En la preparación de los conjugados
colorante-oligonucleótido se ha utilizado la
reacción de un oligonucleótido de tiofosforilo con un derivado
haloacetilaminoaromático en DMS^{0} y agua^{7}.
Dependiendo del uso de la invención y de la
cinética deseada, el acoplamiento de los oligonucleótidos se puede
llevar a cabo bien en disolución acuosa, en un estado congelado en
hielo, o bien en una disolución acuosa en presencia de un molde,
tal como se ha descrito anteriormente y tal como se ejemplifica
posteriormente.
En un experimento inicial, se preparó y se
mantuvo a 0ºC durante 5 días 1,0 mL de una disolución (pH 7,05,
fosfato 15 mM, NaCl 85 mM) que contenía los compuestos 1 (0,39
unidades A_{260}, 4 \muM) y 2 (0,41 unidades A_{260}, 4
\muM). La disolución se calentó a 50ºC durante 2,5 horas, y
finalmente se congeló y almacenó a -18ºC durante 5 días
adicionales. Un análisis por IE HPLC de muestras después de 2 horas
y 48 horas mostró la formación de un producto con una elución más
lenta, el oligómero 3 (Figura 2), con rendimientos de
aproximadamente el 25% y el 80%, respectivamente. No se observó
ningún cambio significativo después de los 3 días adicionales a 0ºC
o el calentamiento a 50ºC. No obstante, la reacción prosiguió
adicionalmente en el estado congelado, consiguiendo una conversión
elevada en el compuesto 3 (Sec. ID 3) en 5 días tal como se muestra
en la Figura 3. El alcance mejorado de la reacción en la matriz de
hielo se puede atribuir a la alta concentración local de los
reactantes de los oligonucleótidos dentro de las cavidades en el
hielo. Se han llevado a cabo otras reacciones de forma similar en
una matriz de hielo^{8}.
A la vista de este resultado, se congeló
directamente y se mantuvo a -18ºC una mezcla equimolar de los
compuestos 1 y 2 (2 \muM cada uno) en el mismo tampón. Los
perfiles HPLC obtenidos de las muestras después de 5 horas y
diariamente después de esta última muestran una progresión para
proporcionar un alto rendimiento de 3 en 5 días, mostrando la
Figura 4 datos representativos.
En la Figura 5 se presentan datos
correspondientes al acoplamiento de los compuestos 1 y 2 en
disolución en presencia de un molde oligonucleótido complementario
(CCATTTTCAGAATTGGGTGT, compuesto 4 (Sec. ID 4)). El sistema era el
mismo que en el primer experimento excepto que también estaba
presente el molde 4 (4 \muM). En este caso la reacción prosiguió
hasta finalizar >90% en 20 minutos y se completo esencialmente
en 2 horas.
La estructura asignada al compuesto 3 está
apoyada por las propiedades de un compuesto modelo
(T-NHC(O)CH_{2}-SP(O)(O^{-})O-T,
preparado en disolución a una escala mayor que la utilizada para el
compuesto 3), por la movilidad del compuesto 3 en electroforesis en
gel (Rm 0,58, en comparación con Rm 0,89, 0,95, y 0,61 para los
compuestos 1, 2, y 4, respectivamente), y por la estabilidad del
complejo formado con el oligonucleótido complementario, 4.

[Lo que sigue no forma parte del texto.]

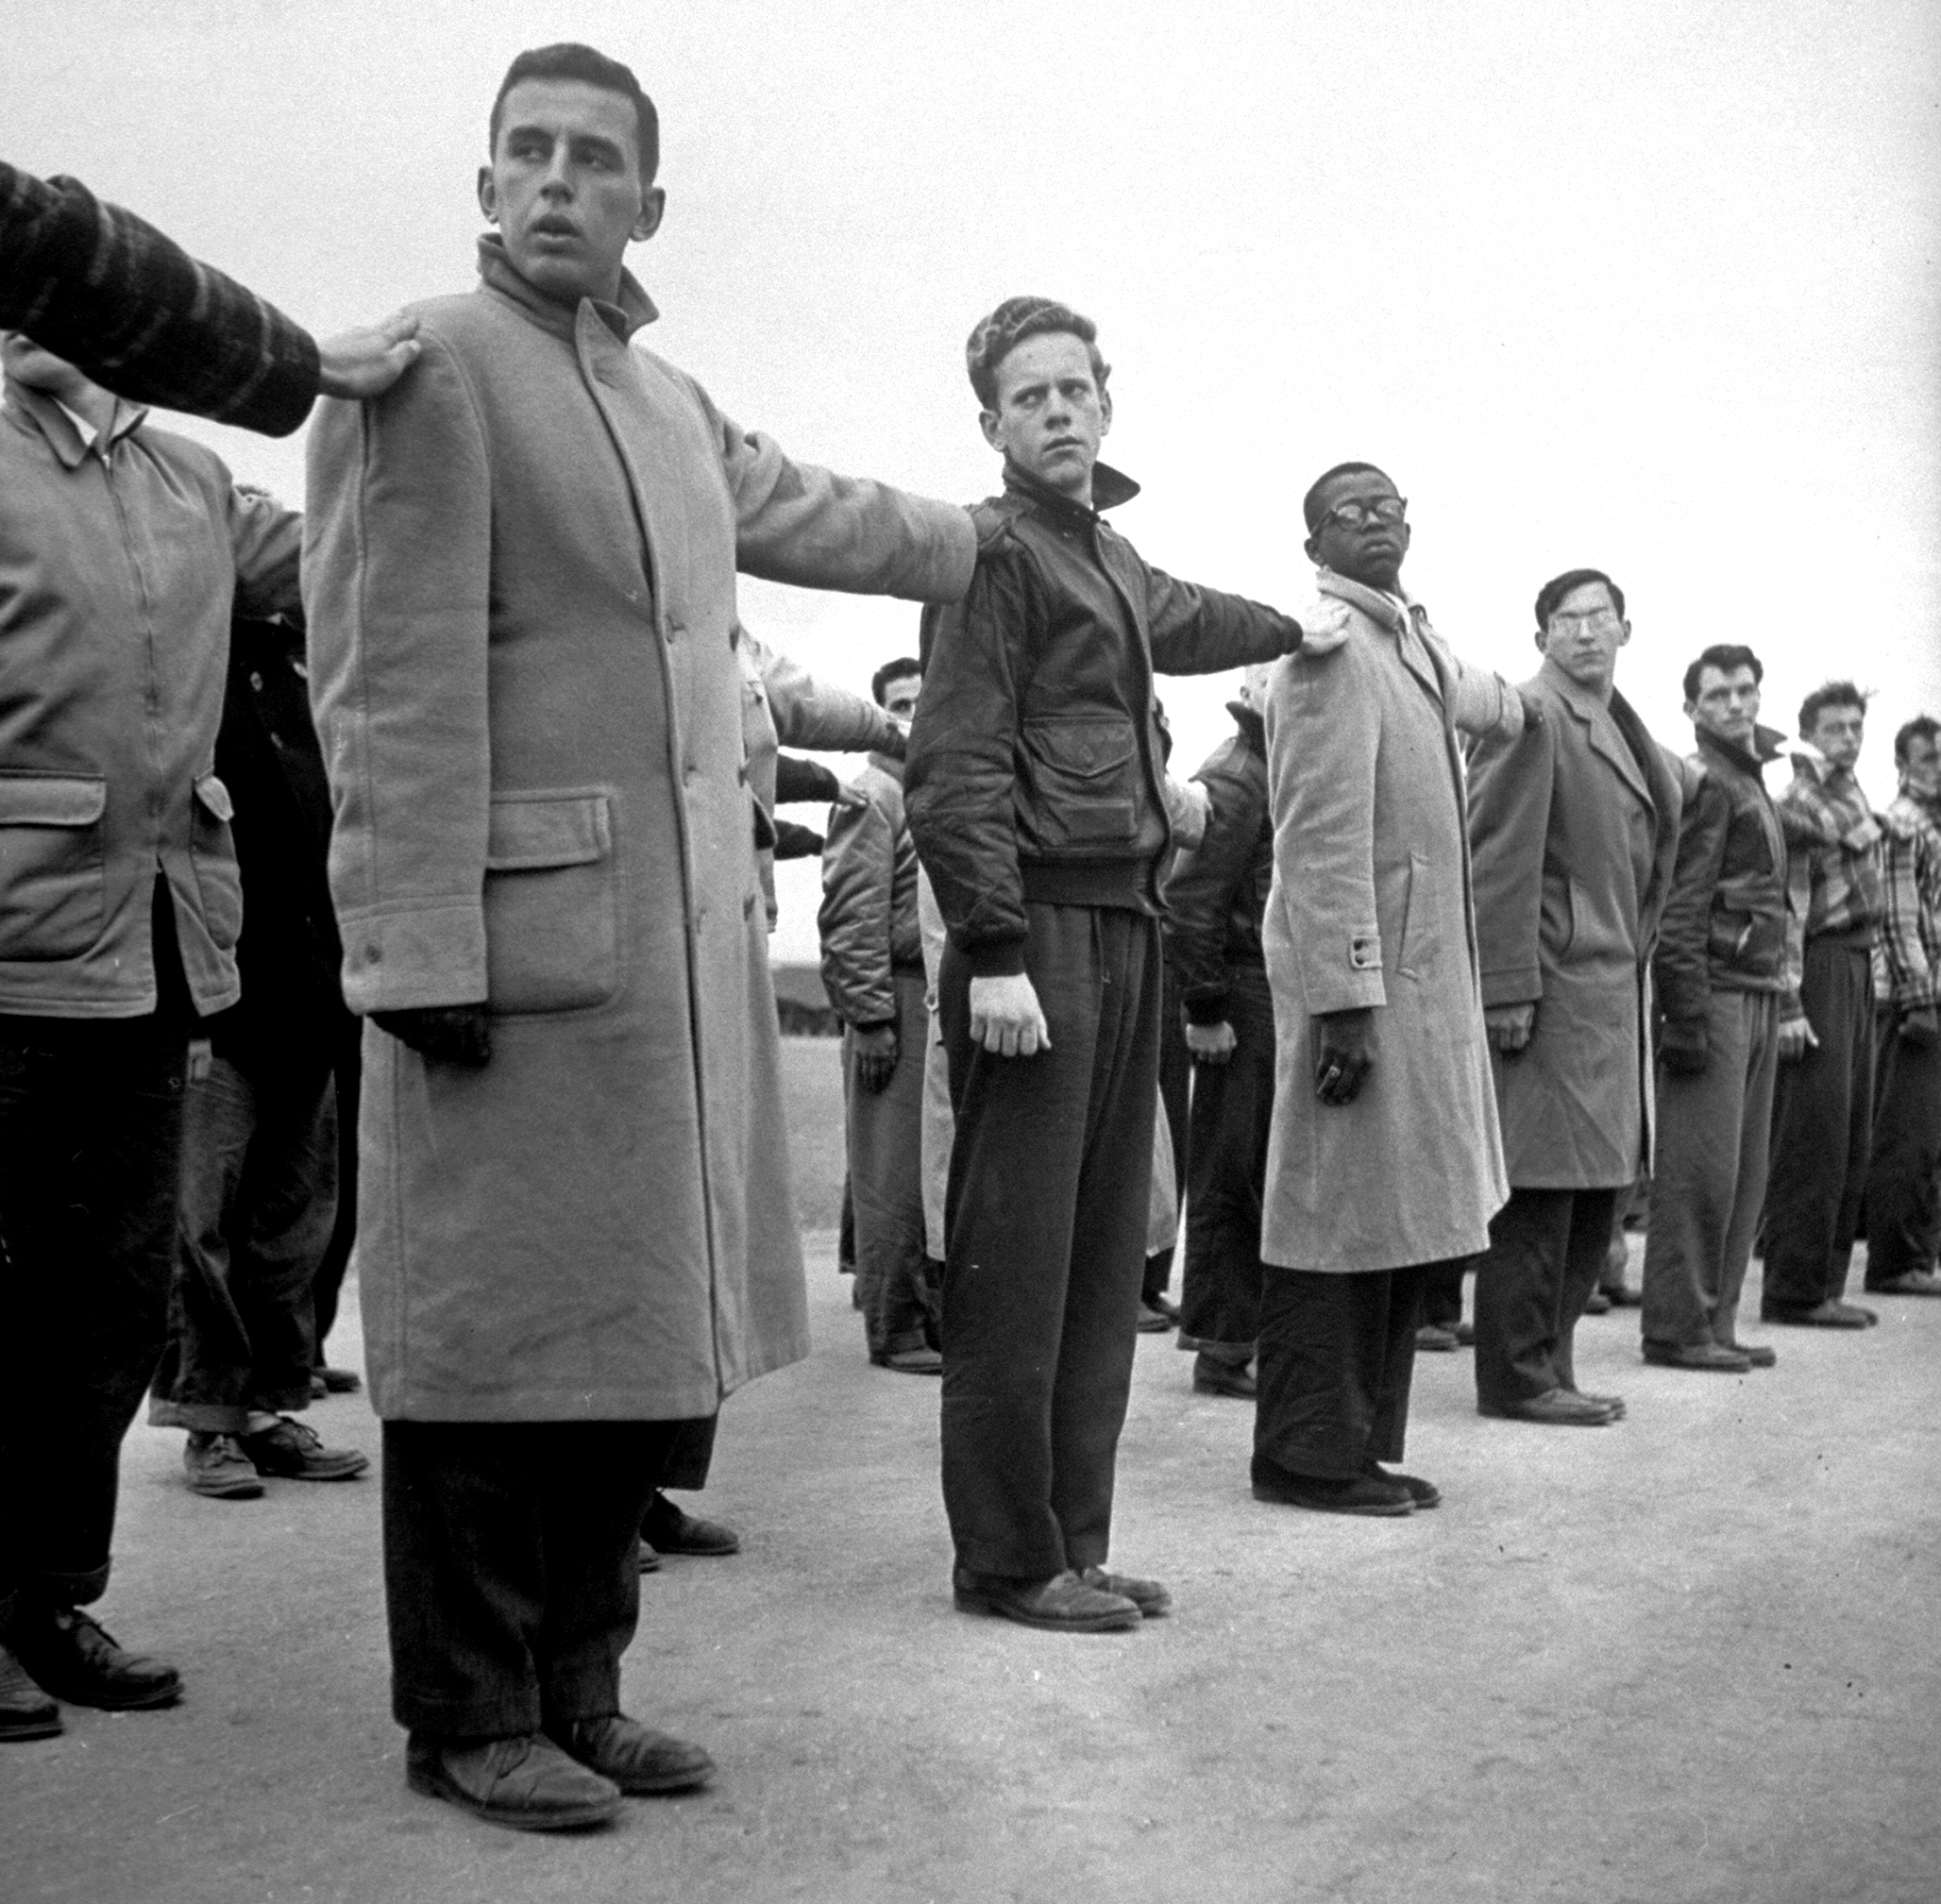 Air force recruits at the Lackland Air Force base in Texas, 1951.

Referencias anteriores, tiempo de retención, RP HPLC 10,5 minutos;
espectro de masas FAB^{+}, M+H^{+} 620, M+Na^{+} 642;
^{31}P NMR, 8 en D_{2}O, 18,7 ppm, han dado a conocer
características para el grupo alquiltiofosfato^{9}.
Los valores Rm son relativos al azul de
bromofenol en un gel 20% poliacrilamida/5% bis acrilamida. El valor
Tm, 56ºC en NaCl 0,1 M, se aproxima al del complejo formado a
partir del elemento de 20 meros totalmente de fosfodiéster y el
compuesto 4 (60ºC)^{10} y difiere de forma significativa
con respecto a los valores de los complejos formados a partir de
los compuestos 1 ó 2 con el compuesto 4 (37ºC y 31ºC).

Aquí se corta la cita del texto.